- Origin: Pune, Maharashtra, India
- Genres: Poetry Recitation, Hindustani Classical Music, Ghazal, Qawwali
- Years active: 2015-present
- Members: Om Bhutkar; Nachiket Devasthali; Abhijeet Dhere; Devendra Bhome; Jaydeep Vaidya; Mukta Joshi; Ketan Pawar; Mandar Bagade; Anup Kulthe; Kalyani Deshpande;
- Website: sukhanmehfil.com

= Sukhan =

Theatrical production by Om Bhutkar

Sukhan is a theatrical production that presents Hindustani literature and classical music. Conceived and directed by National-Award winning Marathi actor Om Bhutkar, the show was first performed on 13 October 2015 to commemorate the 67th birth anniversary of Ustad Nusrat Fateh Ali Khan. The performers in the opening show were Nachiket Devasthali, Abhijeet Dhere, Jaydeep Vaidya, Devendra Bhome and others, including Om Bhutkar himself. Since its inception, Sukhan has been performed over 125 concerts.

== Title and Meaning ==
The word "Sukhan" (suKHan / सुख़न / سخن) comes from Persian and means speech, words, conversation, or poetry.

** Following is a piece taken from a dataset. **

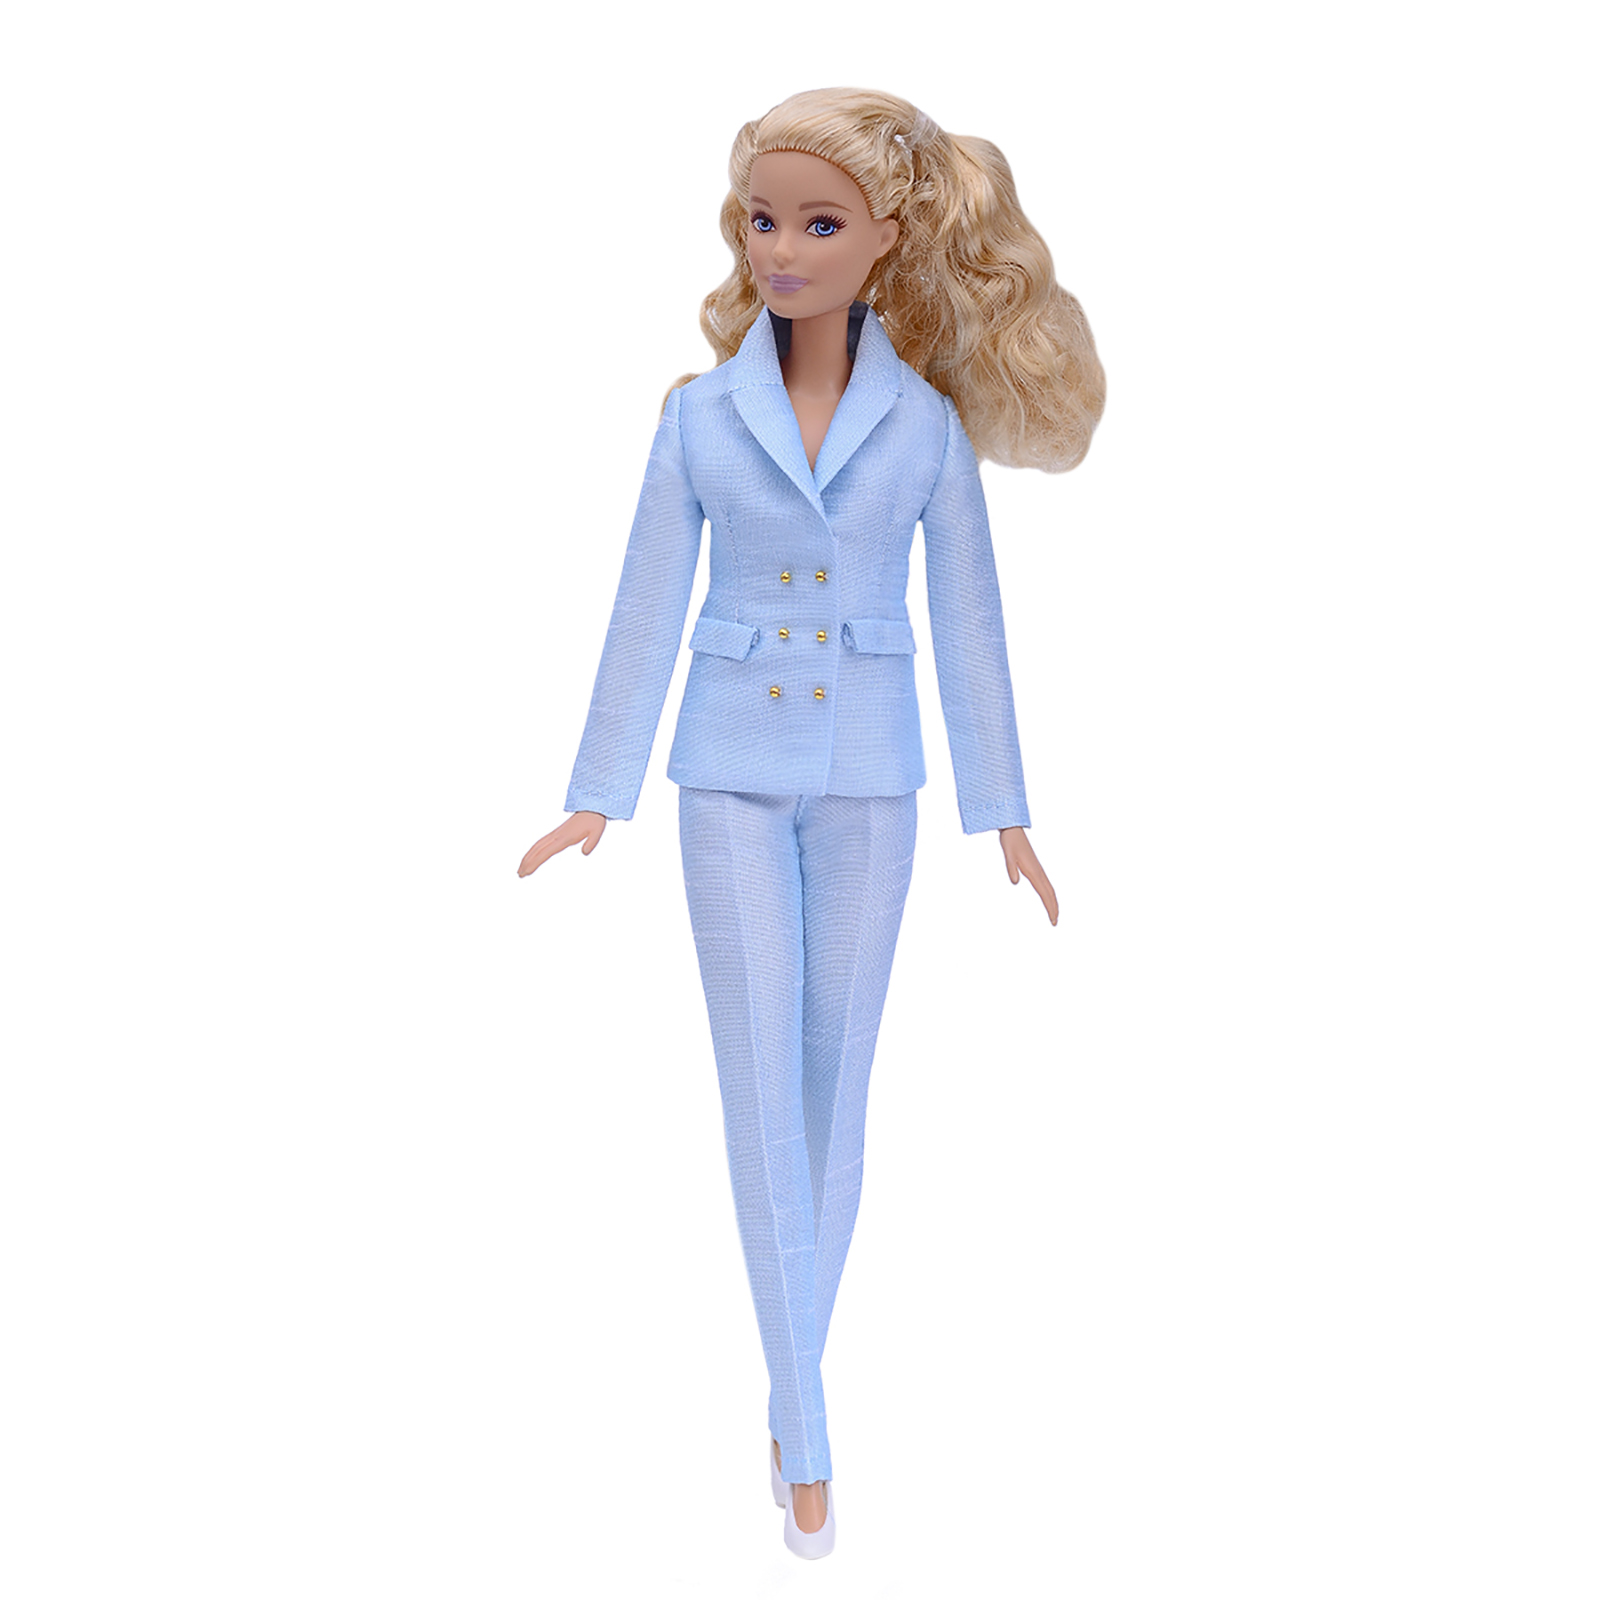 Шелковый брючный костюм Эленприв Светло-голубой для куклы 29 см типа Барби FA-011-09 - фото 1
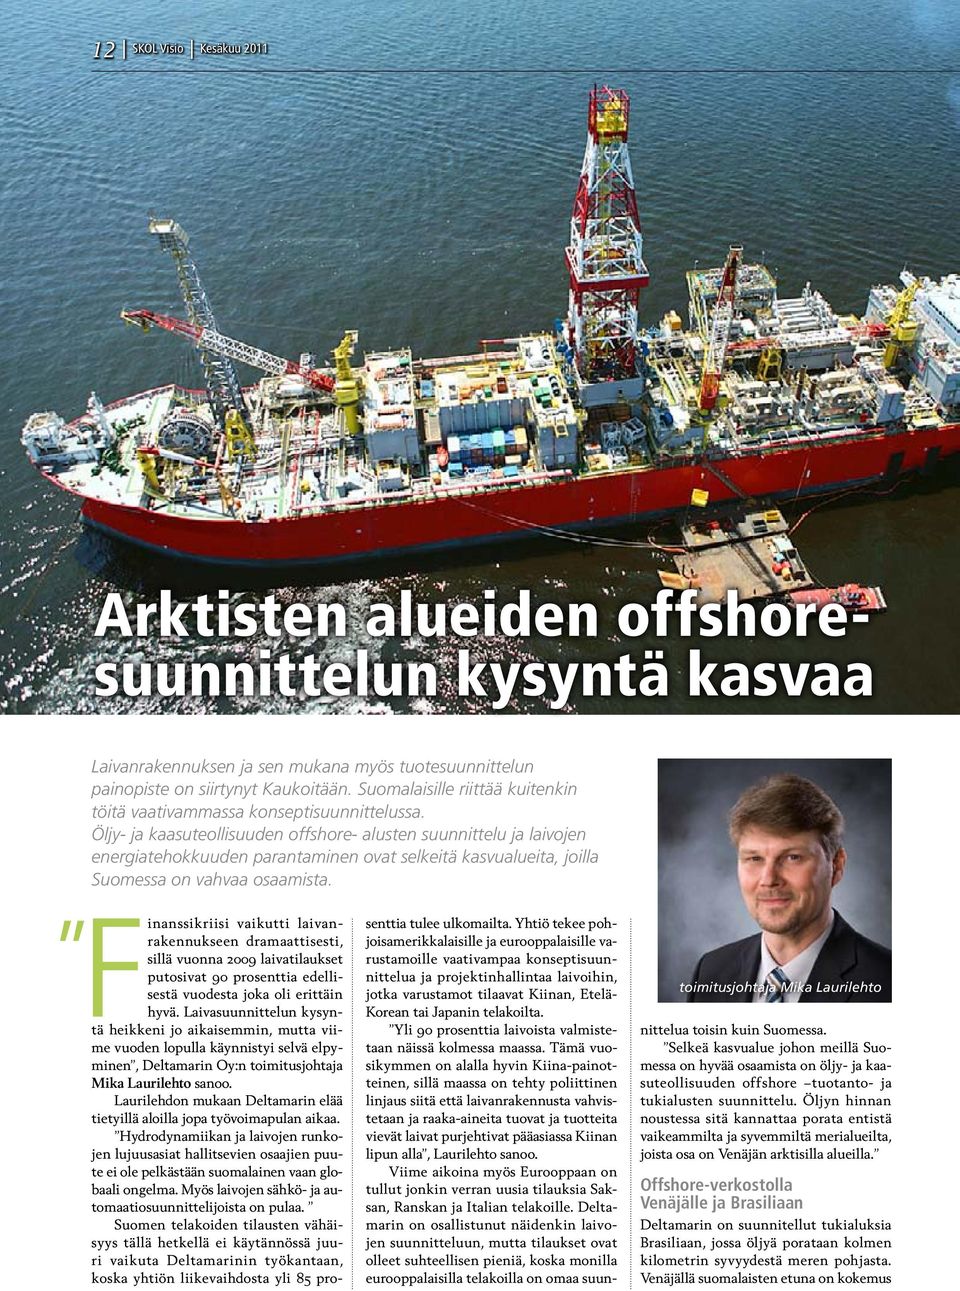 Öljy- ja kaasuteollisuuden offshore- alusten suunnittelu ja laivojen energiatehokkuuden parantaminen ovat selkeitä kasvualueita, joilla Suomessa on vahvaa osaamista.

It is commonly used in Urdu and Persian literary traditions to refer to eloquent expression, particularly in poetry.

In the context of the show Sukhan, it aligns with its essence— a space for poetry and Hindustani music, where words carry deep emotions and artistic expression.

== Form ==
Sukhan is a mehfil (gathering) where performers recite Urdu & Hindi poetry and render Hindustani classical music pieces, as well as Ghazals & Qawwalis. It combines the literature with musical renditions. The show also pays homage to legendary artists and poets of the Indian subcontinent, such as Mirza Ghalib, Mir Taqi Mir, Sahir Ludhianvi and many more.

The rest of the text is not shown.